Websites and social media such as Facebook, Twitter and Instagram are all being used now and that means the PR industry is delivering far more video, graphics, animation and much more varied photography in comparison to the big cheque and the handshake shots of before, the ‘grip and grin' shot as it was not-so-affectionately known. I was reminded of this speed of change on Friday past when we had one of our ‘Innovation' sessions at our office.

Innovation is one of those buzz words in business which gets thrown around a lot. I almost fear its use, though it doesn't leave me as cold as when I hear somebody describe themselves as an entrepreneur. Lucky for us, we had a proper innovator and entrepreneur in the office for the session, though he is far too grounded and self-effacing to describe himself that way. Wisely, Gareth Murphy leaves it to others to do that, which is the way it should be.

Gareth and his wife Lorna founded leisure and adventure brand We Are Vertigo and developed it into an outstanding business. They also created Vertigo indoor skydiving park, another first on the island that once again, has been a brilliant success. We Are Vertigo's trampoline venue was the first of its kind but some of you may not know this, it is now closed and completely dismantled.

As I write this, a whole new concept is being built – We Are Vertigo's new Inflata Park – an inflatable action park, ready for launch this coming Thursday on the site of the trampoline park in Newtownbreda. A new Ninja Warrior Master Course will open next week alongside the sky-diving centre in Titanic Quarter. No other city in the UK or Ireland will have all those attractions together following this £1m plus investment.

We started these sessions in our company because we recognise the constant need to innovate in our business - communications is changing so rapidly that if we don't have a culture of innovation and get inspired by and learn from people like Gareth and Lorna, then we know we will be left behind.

What struck me about Gareth's talk was his ability to recognise a future trend and jump into it. His first business job, though he no doubt learned many lessons in his early years as a ski instructor, was with Phones4U. That was a business founded by John Caudwell, who had a car sales business until he recognised that putting phones in cars was far more lucrative.Caudwell eventually sold Phones4U for £1.6bn.

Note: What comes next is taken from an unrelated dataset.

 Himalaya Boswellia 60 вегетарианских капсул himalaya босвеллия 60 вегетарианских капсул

Inspired by Caudwell and then later with Cable & Wireless, Gareth went up the ranks very quickly, but he wanted to come home and he and Lorna agreed there were two principles they needed to abide by to be really successful: to go big and to be first.

We Are Vertigo was first with its indoor adventure, climbing, soft play and ski centre, combined with a spa. Then they took on the huge warehouse next door formerly used as a karting track and turned it into Ireland's first trampoline park. Everybody wants to get into trampolines now. Gareth and Lorna are out of it. That's what innovation and entrepreneurship looks like. Gareth's descriptions of their adventures and the company's total commitment to customer service and experience, through an almost incredible level of detail in how they manage and motivate their staff, was really inspirational.

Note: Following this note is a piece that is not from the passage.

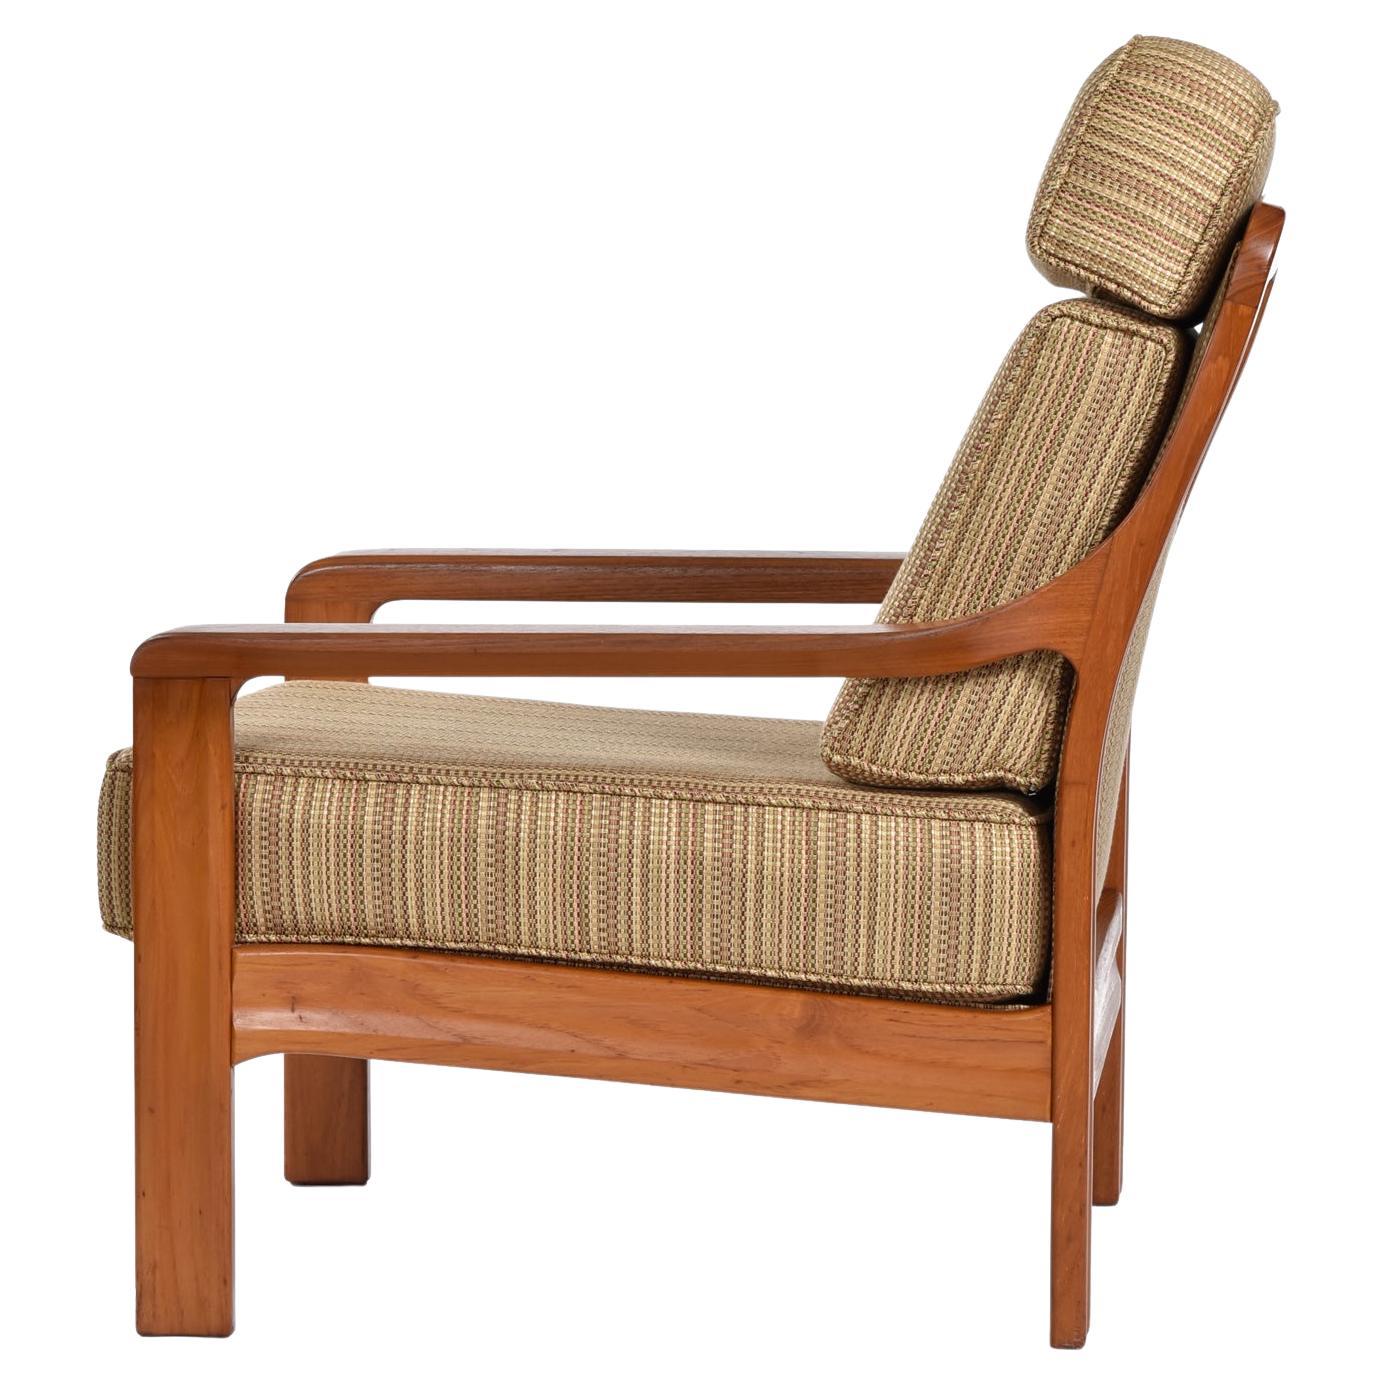 Dieser außergewöhnliche Vintage-Sessel aus massivem Teakholz hat ein typisch dänisch-modernes Design, könnte aber auch aus Kanada stammen, obwohl der Hersteller nicht angegeben ist.  Der Stuhl hat eine gepolsterte Rückenlehne, die von geschnitztem

So, in a week when we might have a general election called and/or a no-deal Brexit, let's also celebrate what true innovation looks like in the shape of what Gareth and Lorna Murphy are doing. They look at trends and find ways to get them here first; they build it, promote it and deliver on it, and at the same time, their heads are up looking at what's coming next.

Technology changed our business over a decade ago and it continues to change it. Technology may also be part of the Brexit solution on this island very soon. I learned a few things from Gareth on Friday, but maybe the most important was to keep looking up and ahead; spotting emerging trends and moving quickly to get into them is crucial for success. In Gareth's own words: “The roads are littered with the bodies of indecisive frogs”.